[guest author: Matthew Lundy]
The issue of what constitutes the “marital portion” of a retirement plan in Florida is not always clear. Compare Boyett v. Boyett, 703 So. 2d 451 (Fla. 1997) with Nix v. Nix, 930 So. 2d 711 (Fla. 1st DCA 2006); compare also Blaine v. Blaine, 872 So. 2d 383 (Fla. 4th DCA 2004) with Pullo v. Pullo, 926 So. 2d 448 (Fla. 1st DCA 2006). The use of generic marital portion language related to a retirement plan does not constitute a benefit to either party, and especially if the matter at hand is contentious. Although it is sometimes believed that such language benefits one party of another, several circuit and appellate-level cases have resulted in the court interpreting non-specific settlement agreement language to actually favor the non-participant.

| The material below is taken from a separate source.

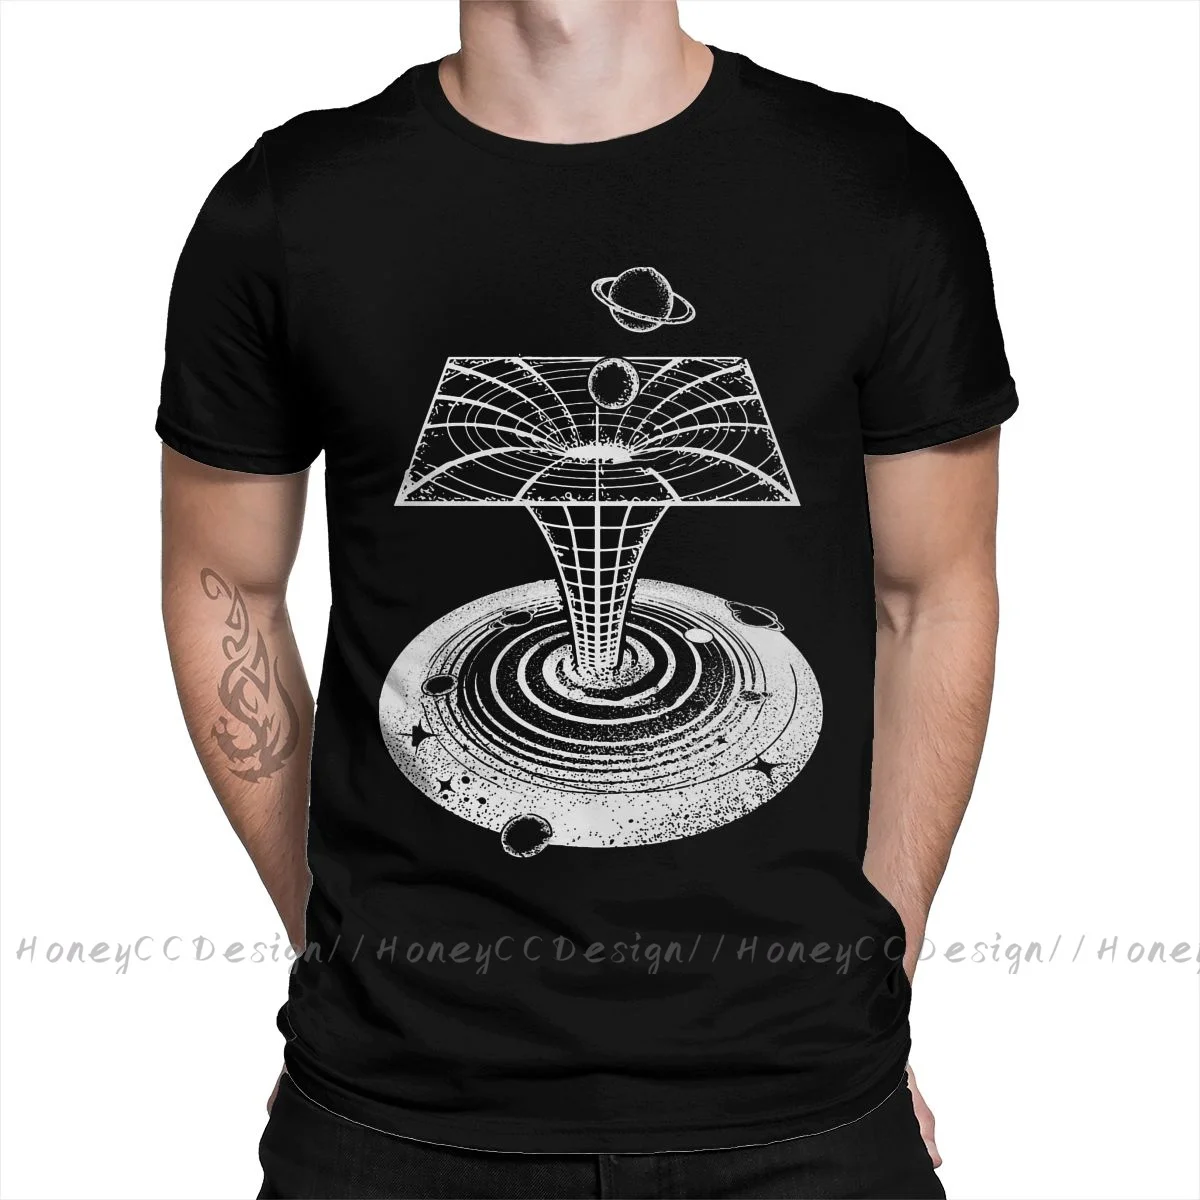 Black Hole Science T-Shirt Men Top Quality 100% Cotton Short Classic Summer Sleeve asual Shirt Loose Tees

As a rule of thumb, the more specific you are in your settlement agreements, the more you will be able to hash out issues related to these plans prior to entering into those agreements. In other words, the more specific you are, the more likely it is that issues will be resolved prior to entering into a settlement agreement, versus a post-judgment litigation over the meaning of “marital portion” in your settlement agreement. Thus, if you want to include or exclude cost-of-living adjustments or your passive gains/losses, the best practice is to specifically state whether you want to include or exclude those things.